Melanie Renowden, interim chief executive at the Ambition Institute, told Schools Week her organisation is “working towards degree-awarding powers”.

We’re working towards degree-awarding powers

The new charity was formed through the merger of Ambition School Leadership and the Institute for Teaching and officially launched yesterday. It has positioned itself as a “graduate school”, a type of higher education institution that would normally have the power to award postgraduate-level qualifications, such as master’s degrees and doctorates.

But some in the higher education sector questioned the graduate school tag. They highlighted, for example, that such schools have to work to meet standards set by the independent Quality Assurance Agency, with a rigorous system of peer monitoring and external scrutiny.

Speaking to Schools Week ahead of the launch event in London, Renowden said the decision to market the charity as a graduate school resulted from conversations with the schools community.

“When we brought together Ambition and the Institute for Teaching, it gave us an opportunity to think afresh about our approach,” she said.

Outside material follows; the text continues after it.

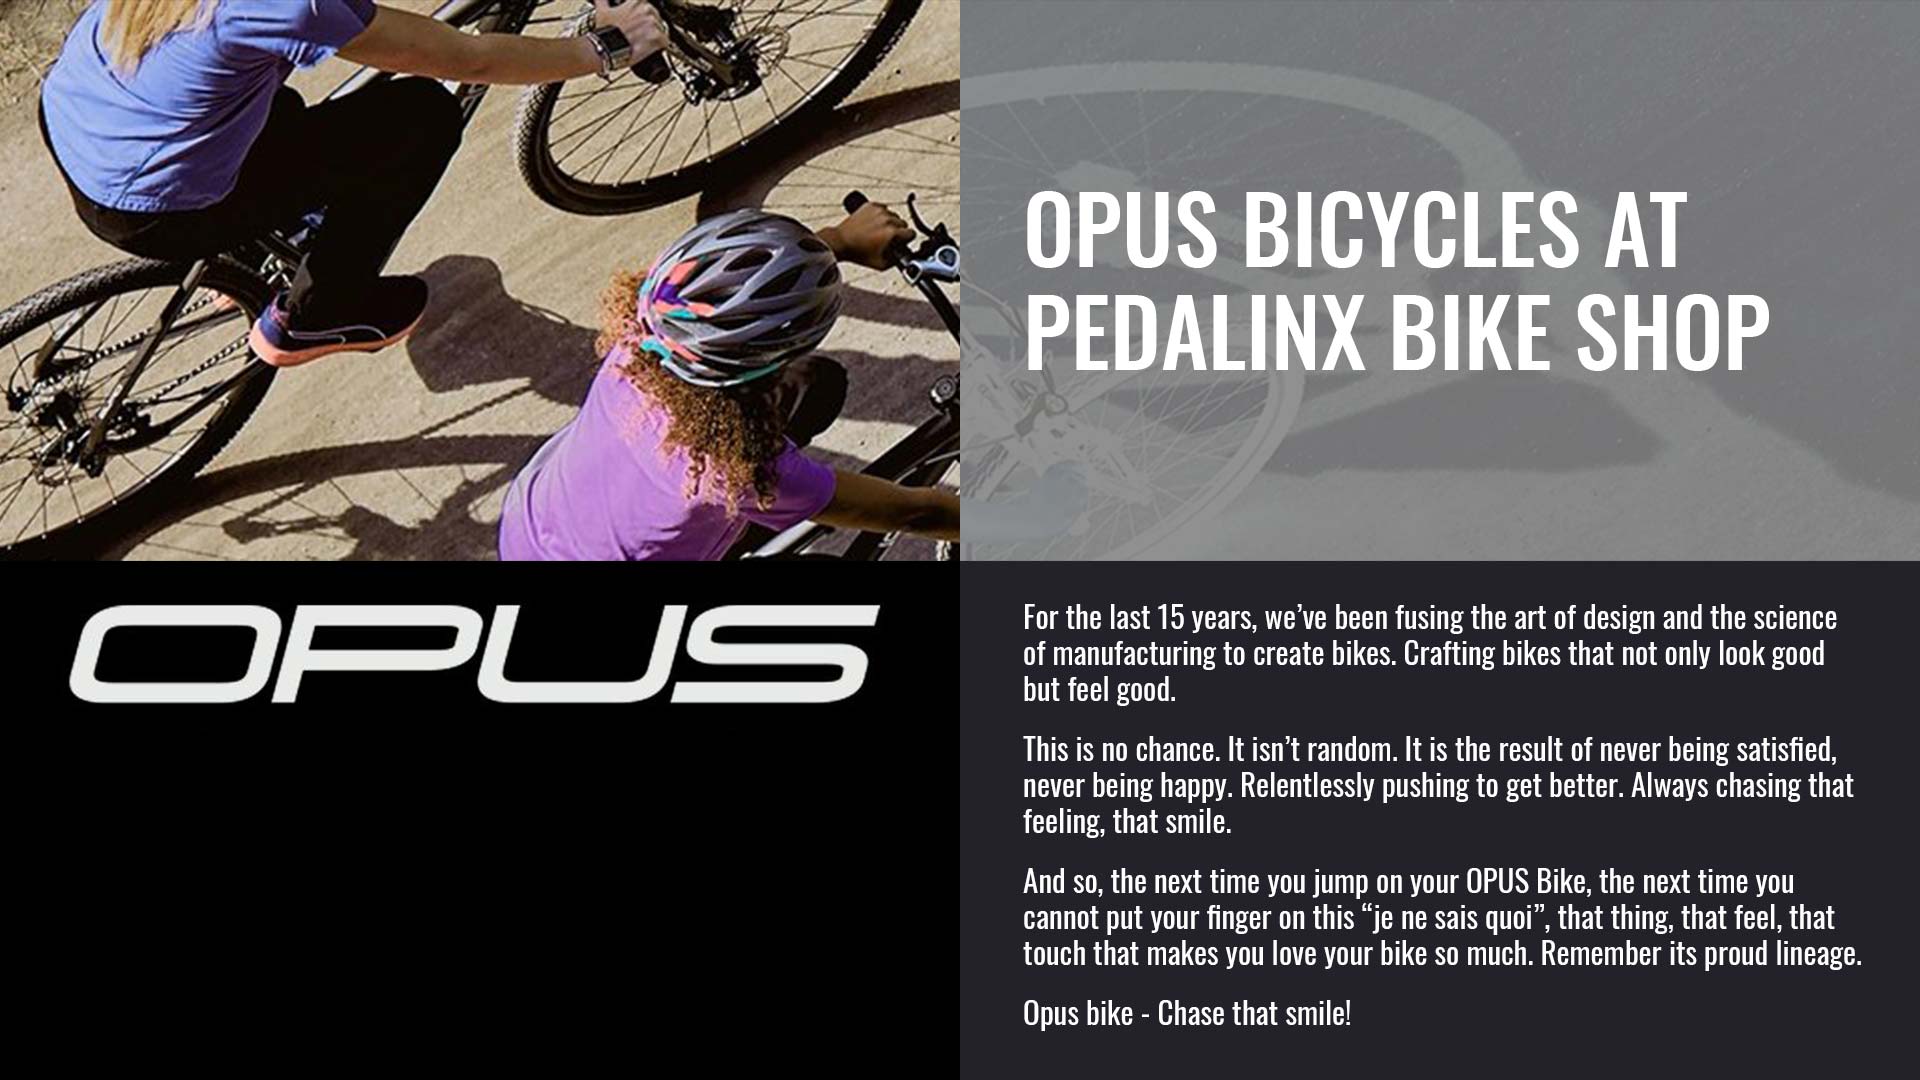 Opus Bicycles

“We spent a lot of time talking to teachers and leaders, engaging with the system, about what they felt was needed in terms of educator development.

“We’ve done a lot of scanning of the research and obviously through the team and the predecessor organisations we’ve had lots of years of having worked with teachers all around the country, so we’ve sort of synthesised all of that, and chosen to position ourselves as a graduate school because it gives us a way of combining the three things we think are really important.”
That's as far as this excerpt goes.